I am using C# and ASP.NET for this.
We receive a lot of "strange" requests on our IIS 6.0 servers and I want to log and catalog these by domain.
Eg. we get some strange requests like these:
http://www.poker.winner4ever.example.com/
http://www.hotgirls.example.com/
http://santaclaus.example.com/
the latter three are kinda obvious, but I would like to sort them all into one as "example.com" IS hosted on our servers. The rest isn't, sorry :-)
So I am looking for some good ideas for how to retrieve example.com from the above. Secondly I would like to match the m., wap., iphone etc into a group, but that's probably just a quick lookup in a list of mobile shortcuts.I could handcode this list for a start.
But is regexp the answer here or is pure string manipulation the easiest way? I was thinking of "splitting" the URL string by "." and the look for item[0] and item[1]...
Any ideas?
You can use the following nuget Nager.PublicSuffix package.
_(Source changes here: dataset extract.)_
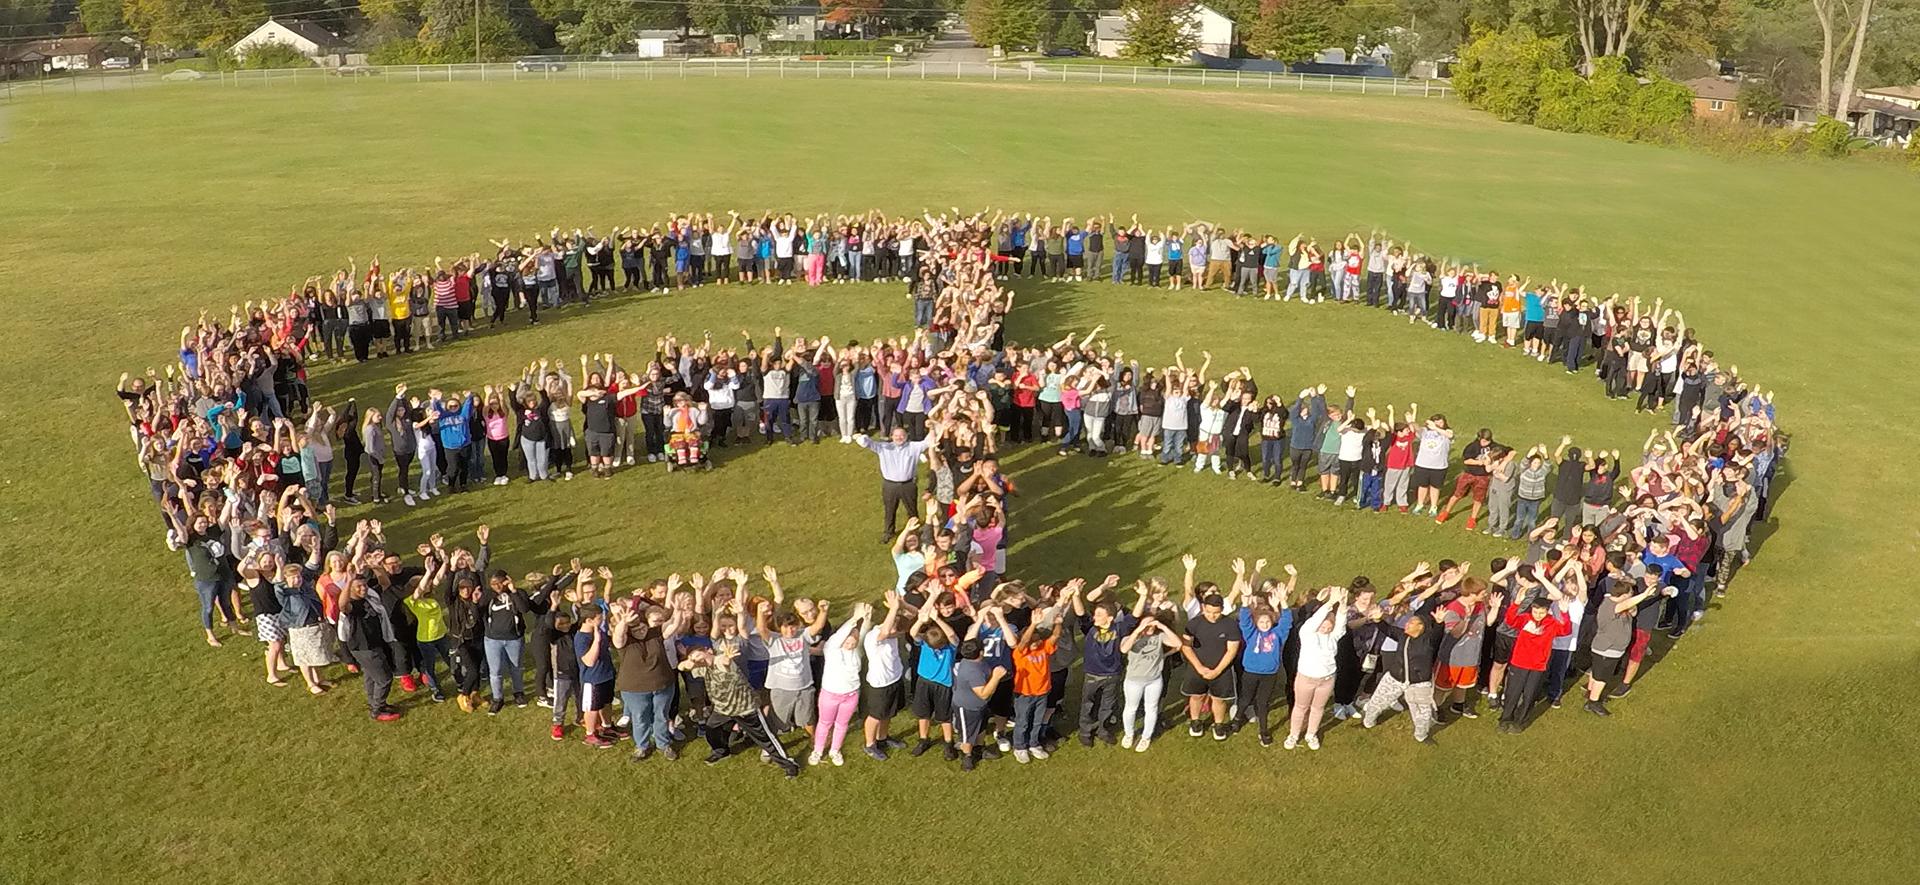 密歇根州加登市高中(Garden City High School,如圖)四名學生送校警聖誕禮物,感動十幾萬網友。(圖片來源:加登高中網站)
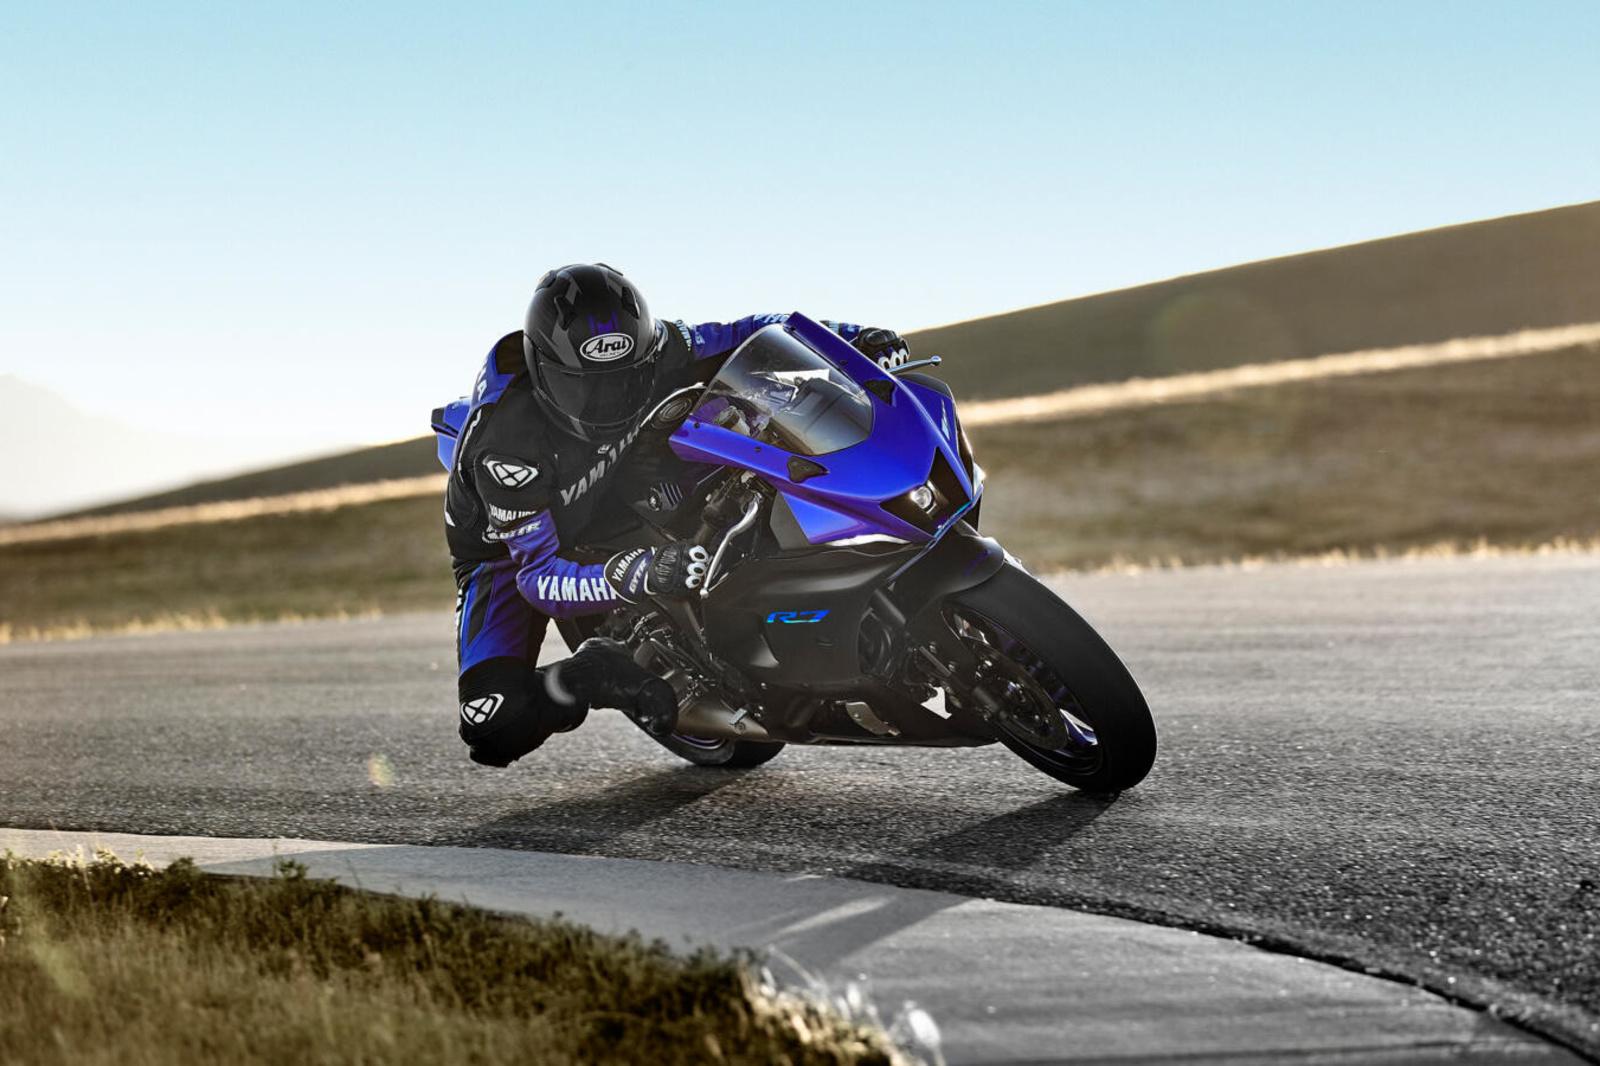 La Yamaha offre la possibilité de se plonger dans le monde des motos sportives à moindre frais., GF

It uses the same data source that browser vendors use.
nuget
PM> Install-Package Nager.PublicSuffix
Example
var domainParser = new DomainParser(new WebTldRuleProvider());
var domainName = domainParser.Get("sub.test.co.uk");
//domainName.Domain = "test";
//domainName.Hostname = "sub.test.co.uk";
//domainName.RegistrableDomain = "test.co.uk";
//domainName.SubDomain = "sub";
//domainName.TLD = "co.uk";